Physicians are problem solvers at heart, and when faced with gaps in the health care system many develop innovative approaches and solutions to fill those gaps and provide effective care to patients. We are heading in an exciting direction with the growth of multidisciplinary clinical networks and team based care that improve access and address complex patient needs. We have some outstanding examples, and I have been privileged to take part in several recent events working to establish and expand these communities of care.

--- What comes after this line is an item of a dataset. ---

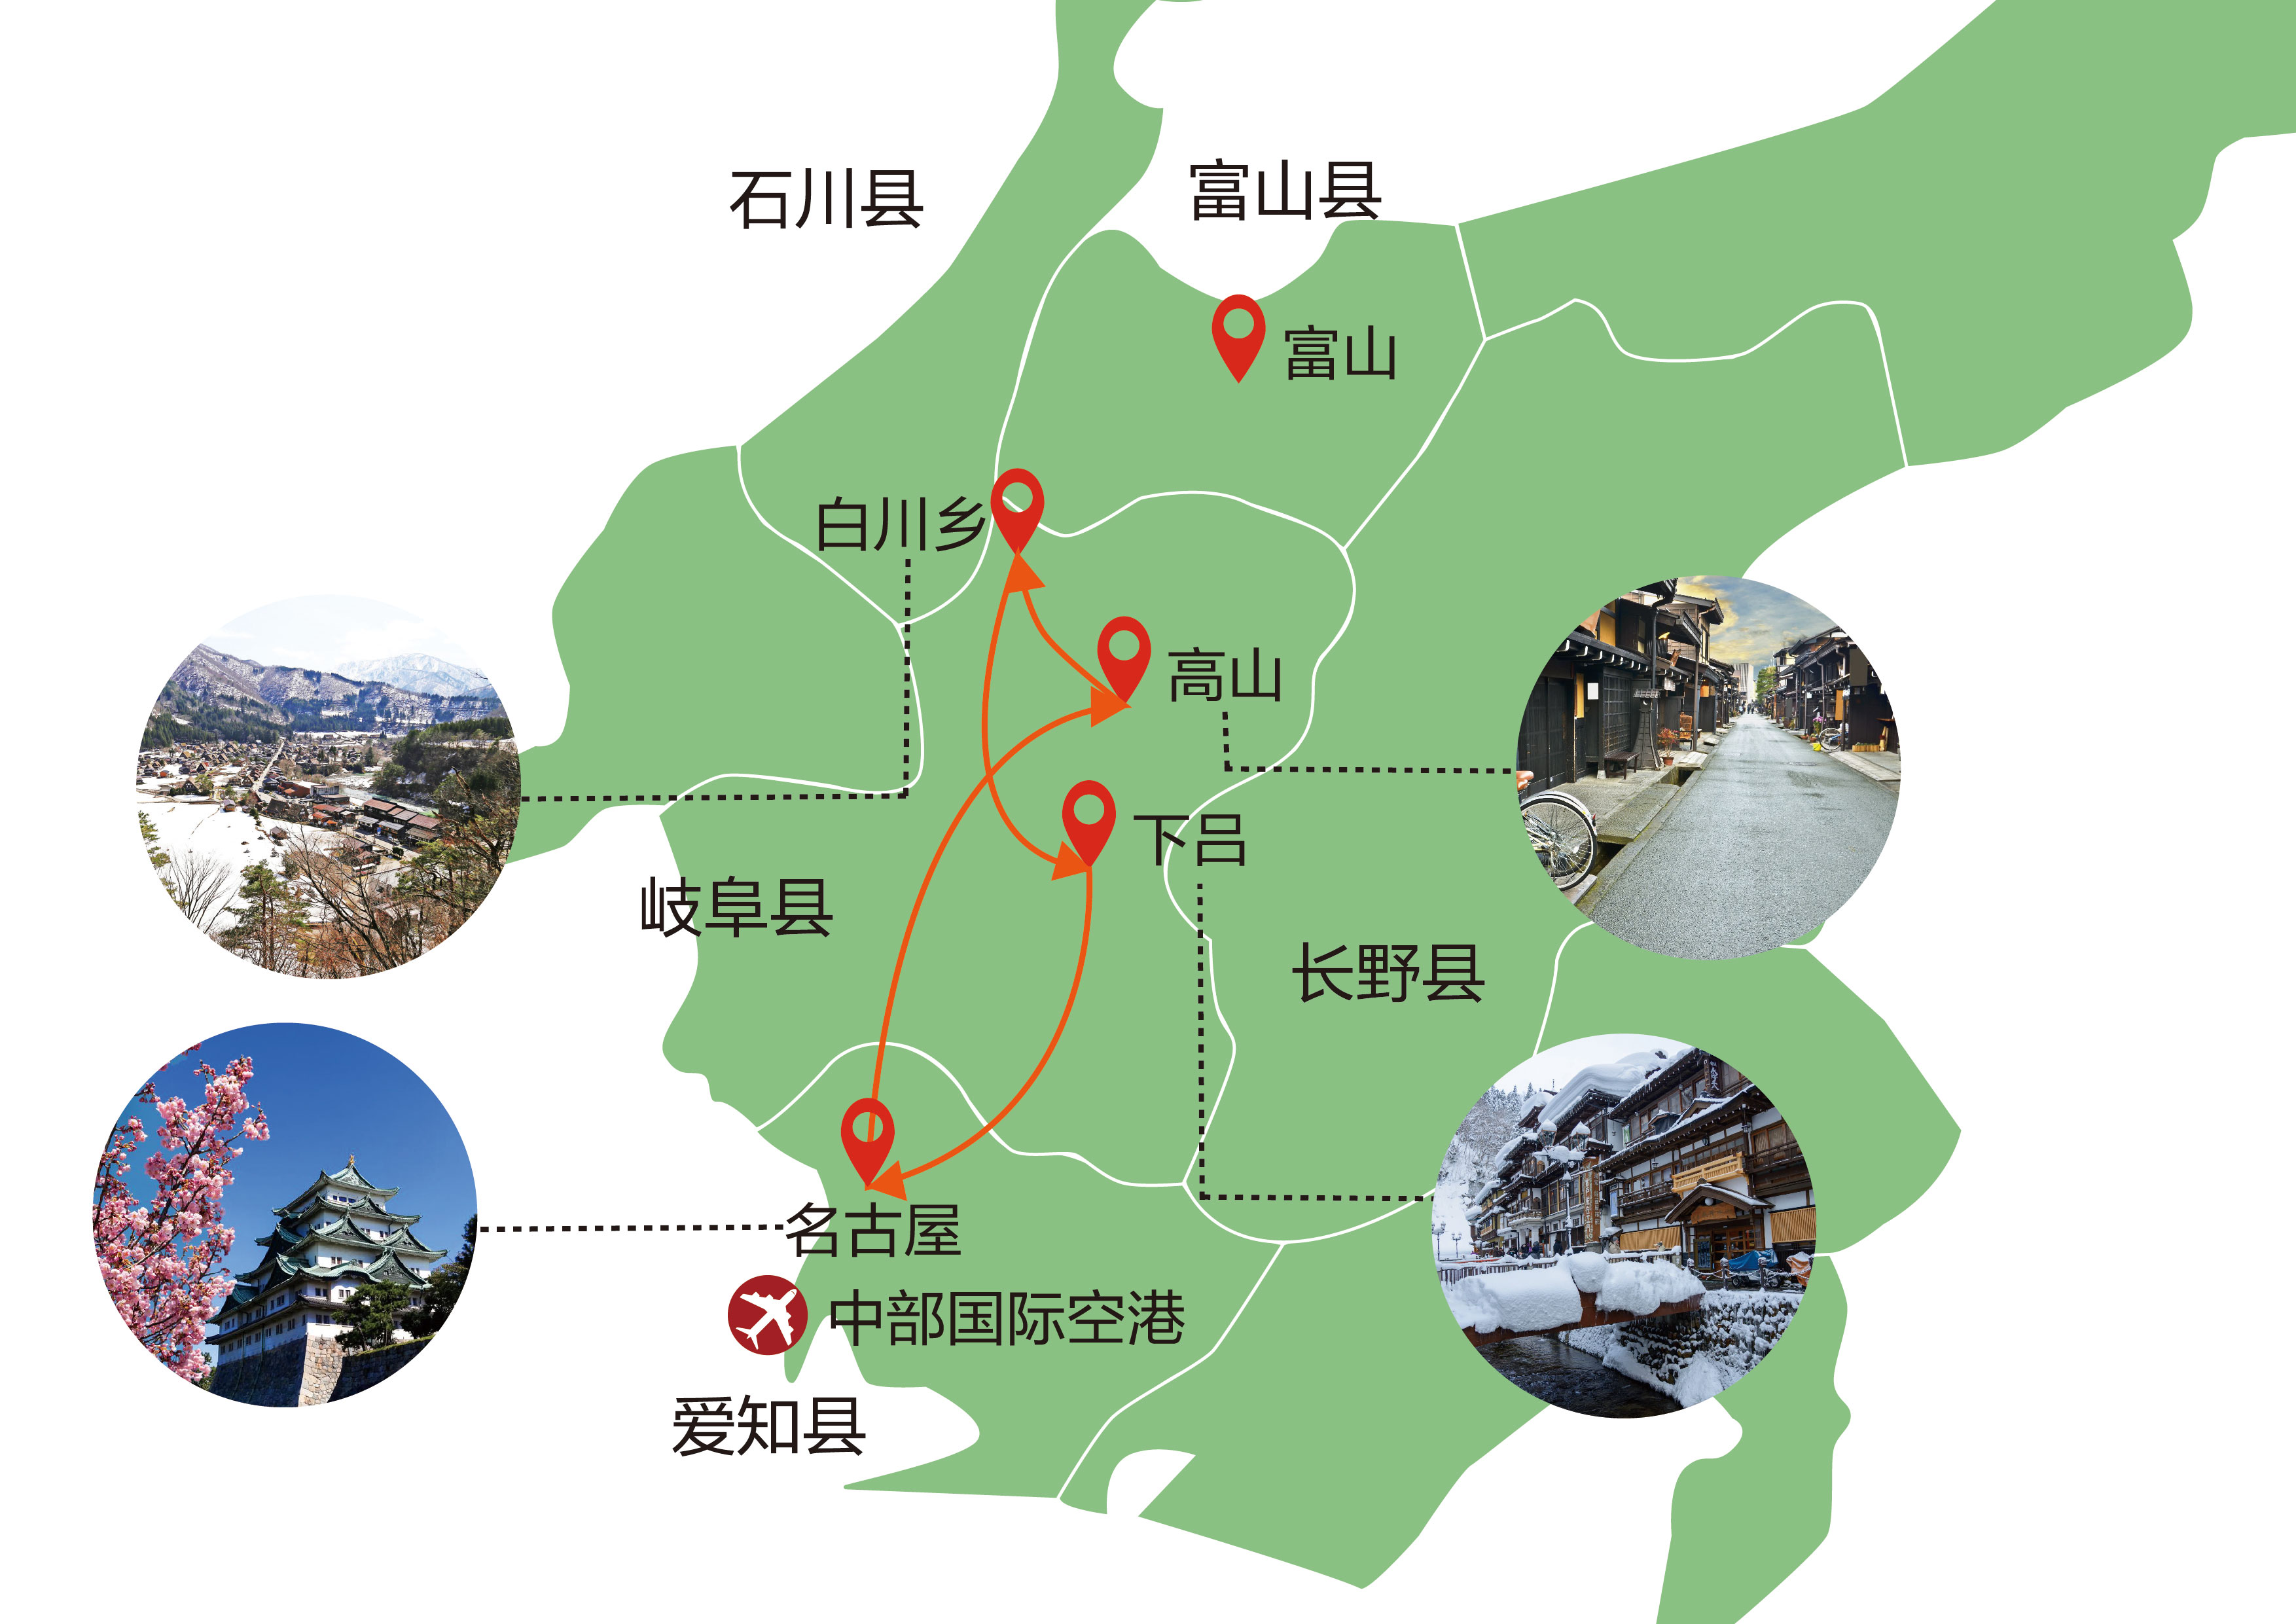 名古屋地理位置图图片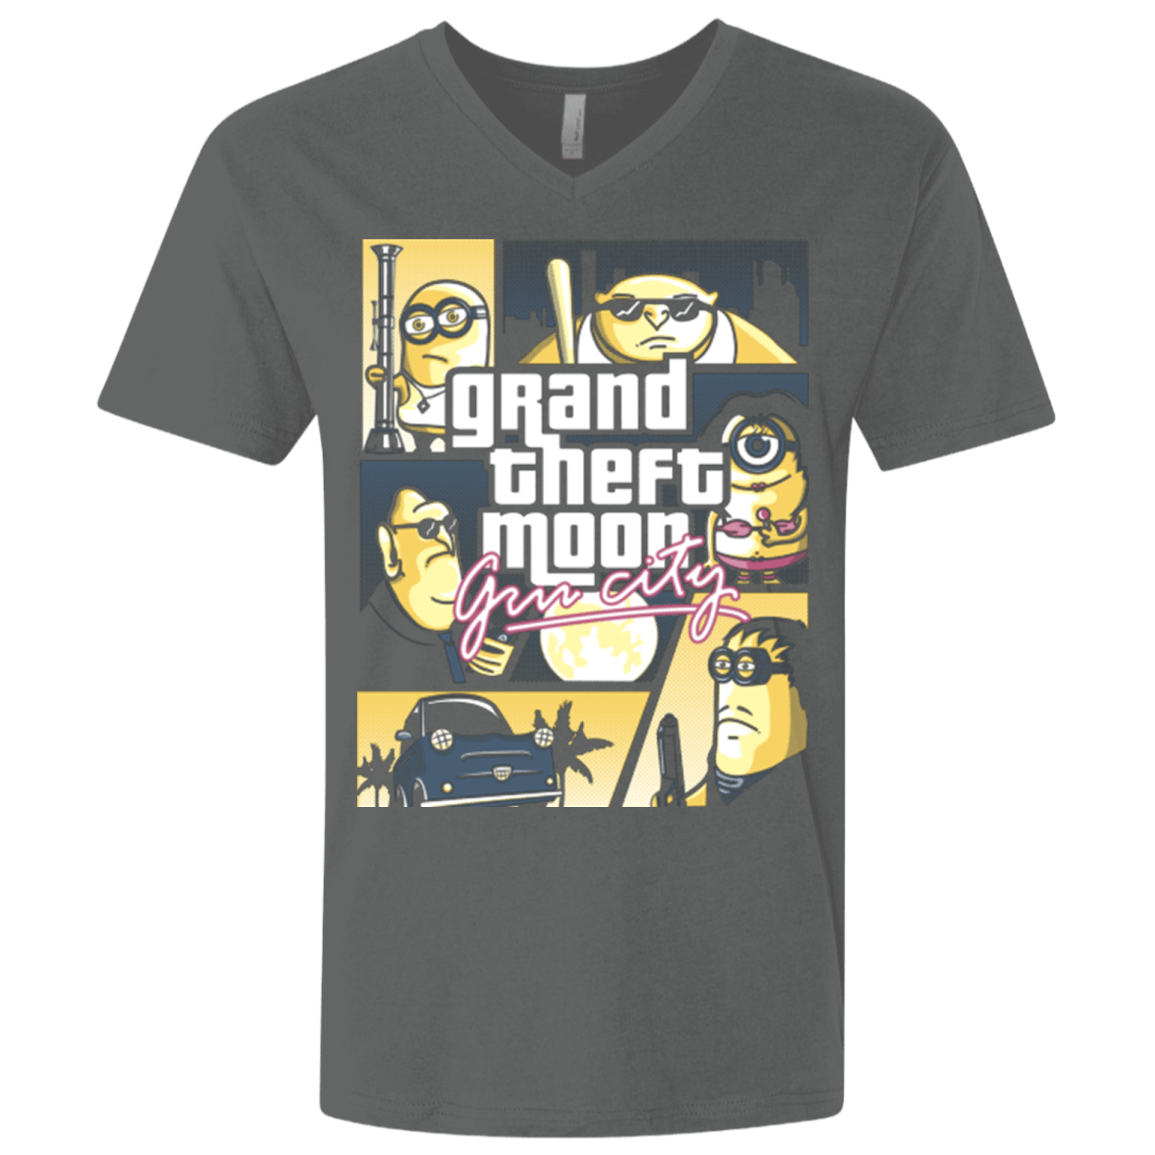 Grand theft moon Men's Premium V-Neck

Adverse Childhood Experiences (ACEs)
Last month, more than 600 energized, passionate and committed physicians, mental health experts, educators, academic researchers, First Nations members, criminal justice representatives, community agencies, health authorities, provincial government policy makers, politicians, youth and families attended the ACEs Summit: BC and Beyond. Adverse Childhood Experiences (ACEs) are stressful or traumatizing events experienced during childhood that cause neuropsychological changes which can become key factors in the development of a number of health problems later in life. ACEs awareness and understanding has significantly grown in BC due to the work of the Child and Youth Mental Health and Substance Use (CYMHSU) Collaborative – a project supported by the Shared Care Committee (a partnership of Doctors of BC and the BC government). The ACEs Summit built upon the work undertaken by a number of Local Action Teams which identified issues around ACEs awareness and prevention and developed programs to implement trauma-informed care in their communities.
My personal experience
My personal experience with incorporating questions about ACEs into my practice has been incredibly positive. Like many I was hesitant about opening this Pandora’s Box of my patients’ buried trauma and abuse – and not just because I already struggle to run my office on time. But what I learned was that asking the questions changes your relationship with patients. Asking “what happened to you?” changes the depth and tone of any future conversation. The number of patients of all ages who replied “nobody has ever asked me about this before” was amazing. Just by asking we validate the patient’s personal experience and remove some of the stigma that happens when people think these issues are so shameful that not even your doctor wants to hear about them. And identifying root causes is the first step towards healing.
Child and Youth Mental Health and Substance Use Collaborative (CYMHSU)
The CYMHSU collaborative’s innovative approach started with identifying a particular gap in care for a vulnerable patient community. It designs solutions by working from the ground up and focusing on patient and community needs. It crosses traditional boundaries by involving all the appropriate care providers – GPs, specialists, other health professionals, schools, and communities. It involves multiple ministries at the government level, and more importantly it involves patients and families in the program design. Another innovation was to develop a partnership with colleagues in Alberta who have led this work through the Alberta Family Wellness Initiative. The recent ACEs Summit brought key partners together to highlight the work here in BC, to learn from the work elsewhere in Canada and internationally, and to consider how best to move forward. The next challenge is how to sustain and expand on this work with the ending of the formal CYMHSU Collaborative. Our CYMHSU Community of Practice needs to be appropriately supported to be self-sustaining into the future. This is the next step, and I have no doubt given the incredible passion for the work evidenced at the Summit that we will succeed. Working together with all our partners is key as we use these learnings and principles to transform the entire health system in BC and work to develop other networks of care.